Akmal’s refusal to work during those hours was the valid legal reason Cingular demanded her removal from the position”. Cingular decided it needed people during these core hours only AFTER the contract was entered into between TekSystems and Aegis and only AFTER the working hours became an issue. The original contract was not amended to include this change of schedule as spelled out per the contract, therefore the schedule change was never legally added to the contract meaning it was neither legal or valid. This means that Cingular’s socalled “valid and legal reason” was neither valid nor legal and was in fact contrived. 7. Page 21 Lines 5 – 8. The statement “Although representatives of both TekSystems and Cingular admit that they had told Akmal that her schedule could be somewhat flexible, neither defendant intended that she could work hours that were entirely for her own convenience. Ramirez Dec., 9. Born Dec., 4.” This statement demonstrates the mindset of the defendants as well as their ignorance of the law under which they are conducting business. My schedule and who it benefits is not any of their business because I AM NOT THEIR EMPLOYEE. If they wanted an EOD team whose hours and time and lives they could control in anyway they saw fit then the right and LEGAL thing to have done would have been to staff the team with Cingular W-2 employees. True this would have the added financial burden of employee benefits, payroll taxes, workers compensation insurance, etc. but Cingular would have been fully within their rights to demand anything they wanted of their employees regarding when work began and when work ended.

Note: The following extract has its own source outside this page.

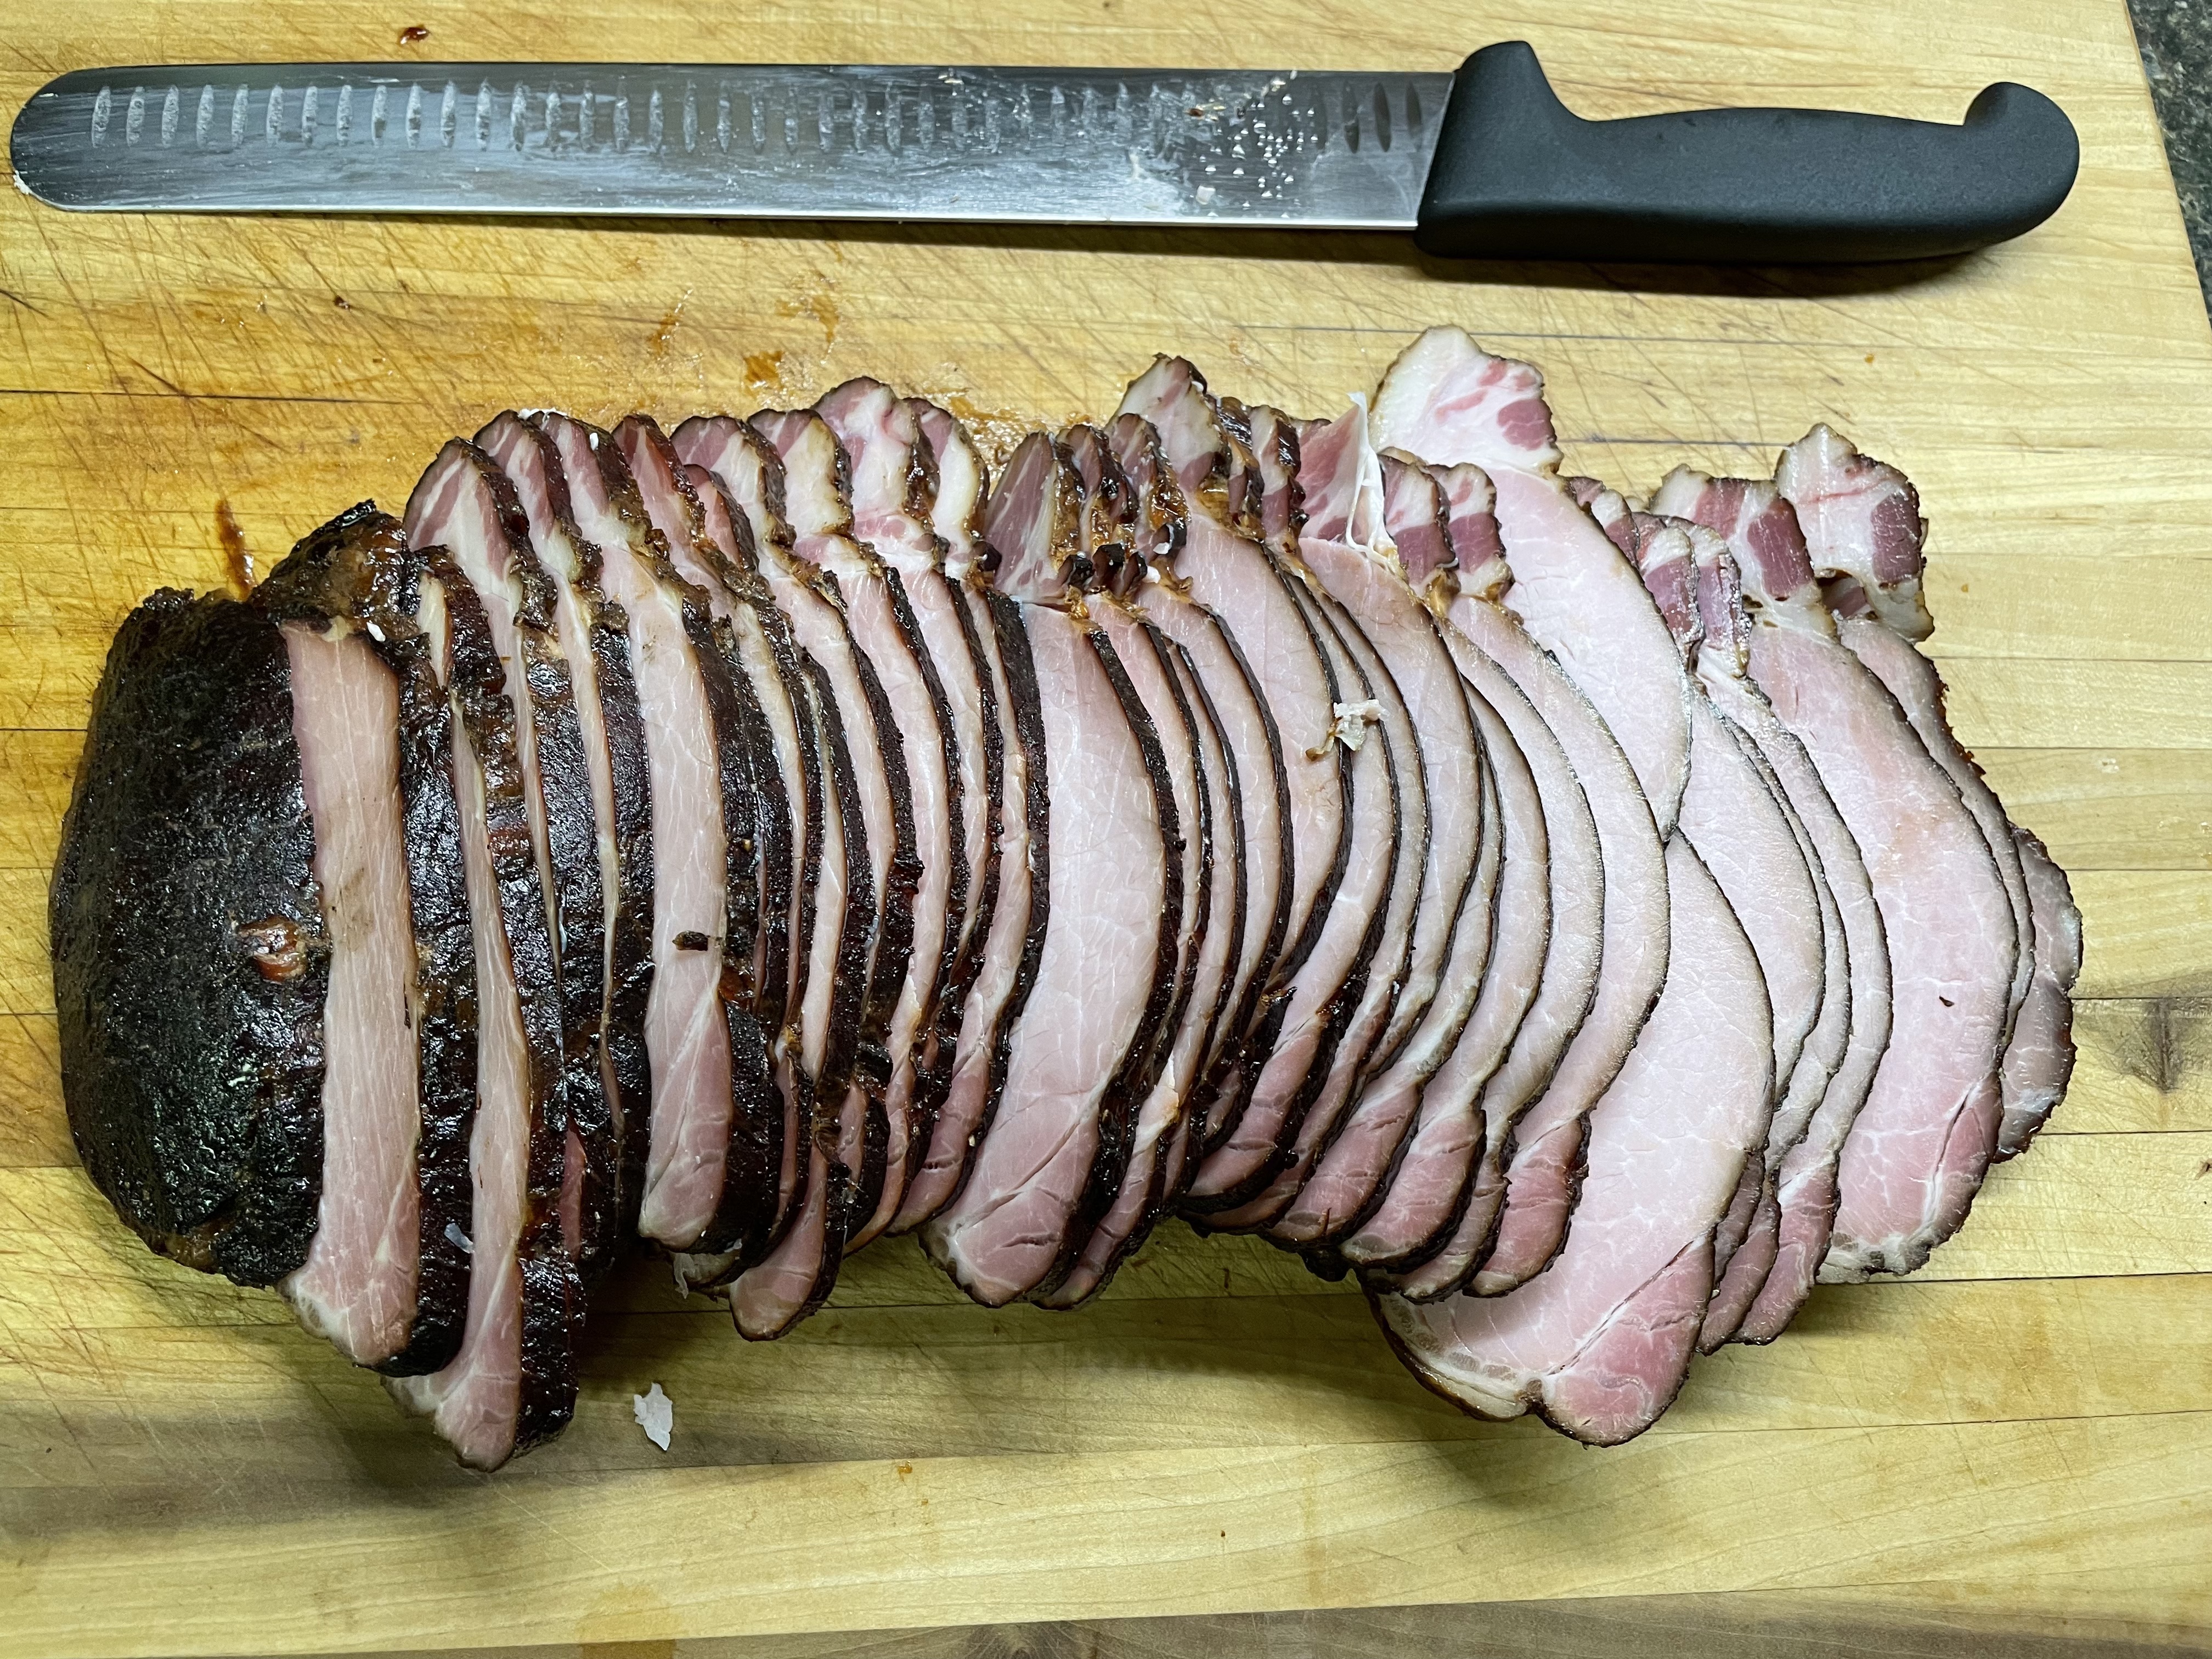 How to make buckboard bacon from a pork butt – Jess Pryles

But that’s not what they did so since Cingular didn’t have to incur

all those expenses by opting to staff the EOD team with Independent Contractors, by law they are required to relinquish control over everything except the end results of the work produced per the IRS’s website previously cited. If Cingular and TekSystems are still in doubt as the validity of this statement IRS form SS-8 can be filed which requests that the IRS conduct an investigation to determine the actual status of workers. In this case it would have to determine the status of the entire EOD team and if it finds that Cingular had erroneously classified it’s workers then Cingular could be found liable for back taxes as well as workers compensation for the entire EOD team going back to it inception. Indeed this is why Microsoft ended up settling out-of-court after a seven year battle which resulted in a change to it’s policy because it was utilizing Independent Contractors as employees without them gaining the same employee benefits as regular employees (United States District Court Western District of Washington at Seattle No C93-0178C – Vizcaino vs. Microsoft). The defendants can’t have it both ways.